[EXERCISE AIM]: Return the lines of the data below starting at the one holding "Young Siamese cat" and ending at the one holding "Singer Catherine Ringer", word for word, leaving every picture out.

===== RECORDS SUPPLIED =====

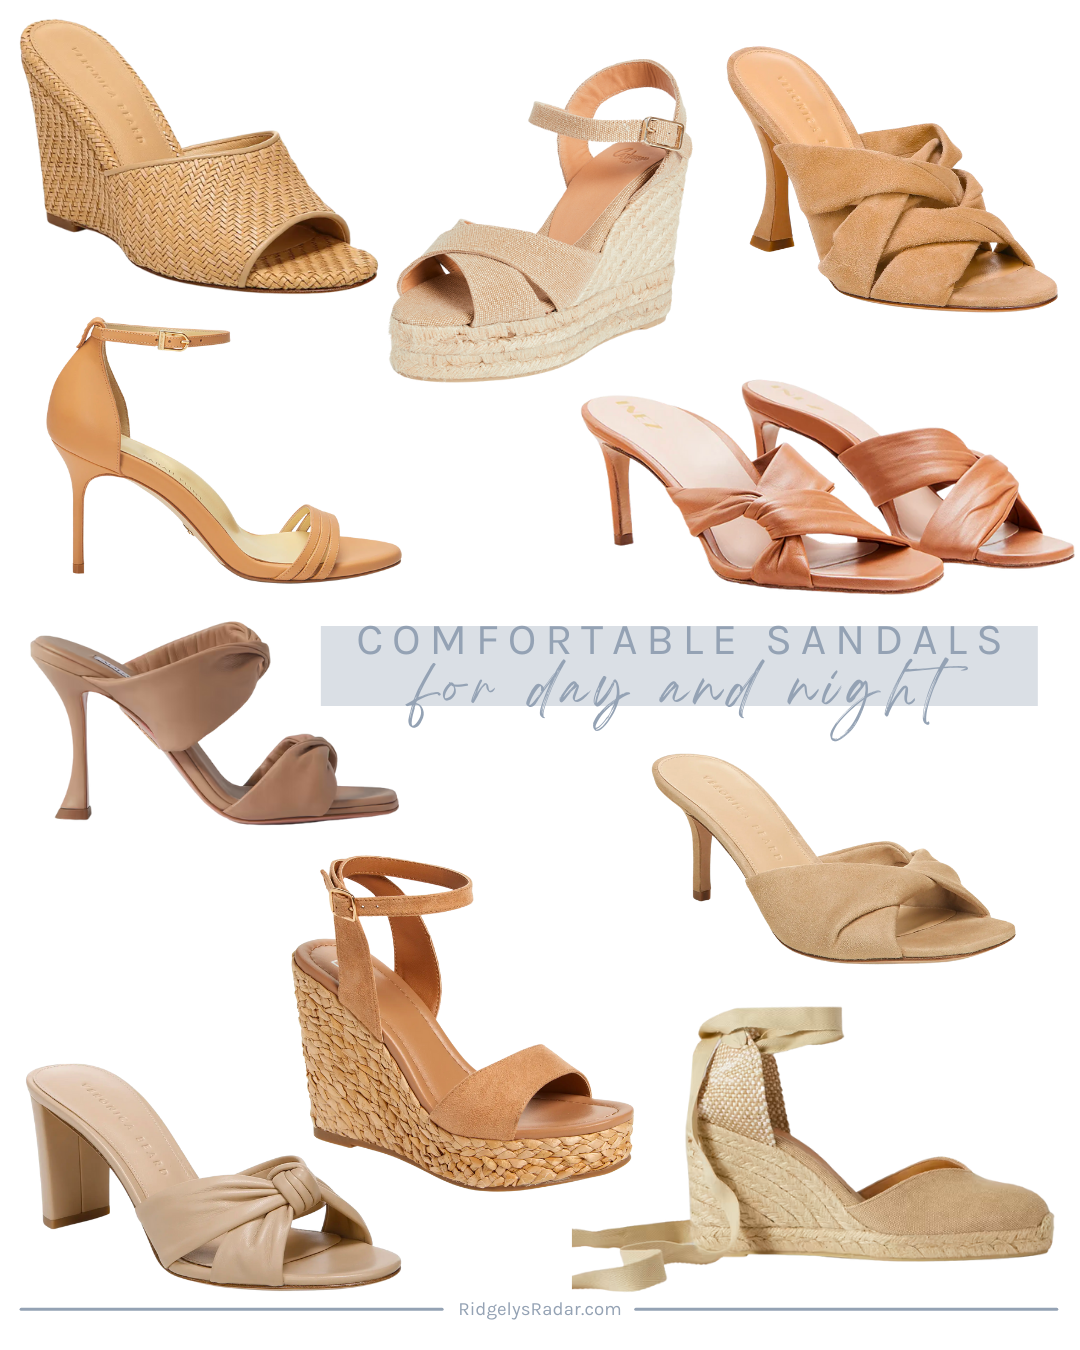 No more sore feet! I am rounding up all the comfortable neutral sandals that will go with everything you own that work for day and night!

=====
===== RECORDS SUPPLIED =====

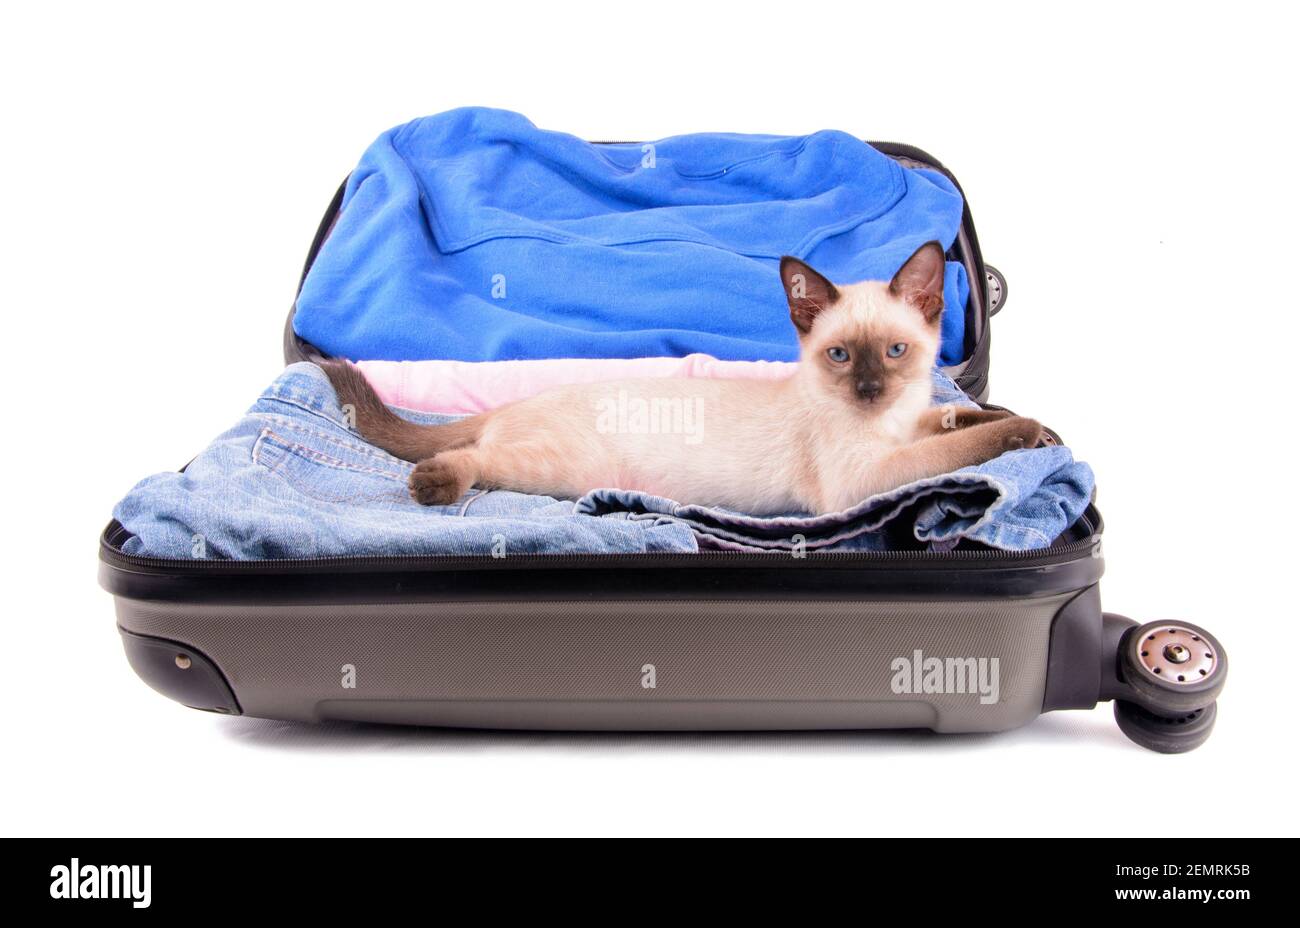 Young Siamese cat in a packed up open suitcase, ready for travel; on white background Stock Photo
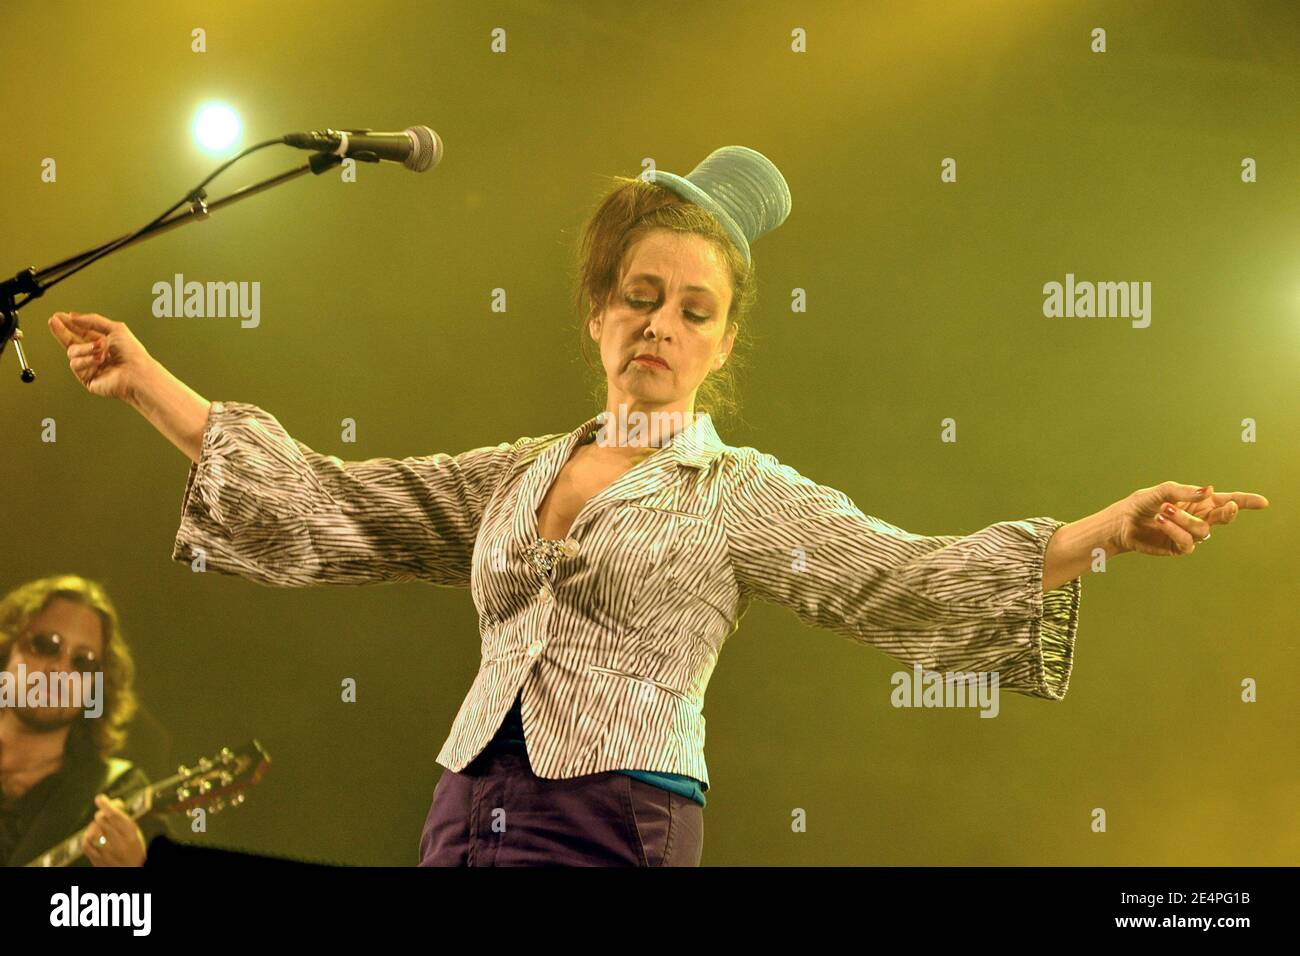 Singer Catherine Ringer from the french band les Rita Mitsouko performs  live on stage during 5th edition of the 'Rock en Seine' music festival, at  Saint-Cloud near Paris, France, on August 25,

=====

[THE ANSWER]:
 Young Siamese cat in a packed up open suitcase, ready for travel; on white background Stock Photo
 Singer Catherine Ringer from the french band les Rita Mitsouko performs  live on stage during 5th edition of the 'Rock en Seine' music festival, at  Saint-Cloud near Paris, France, on August 25,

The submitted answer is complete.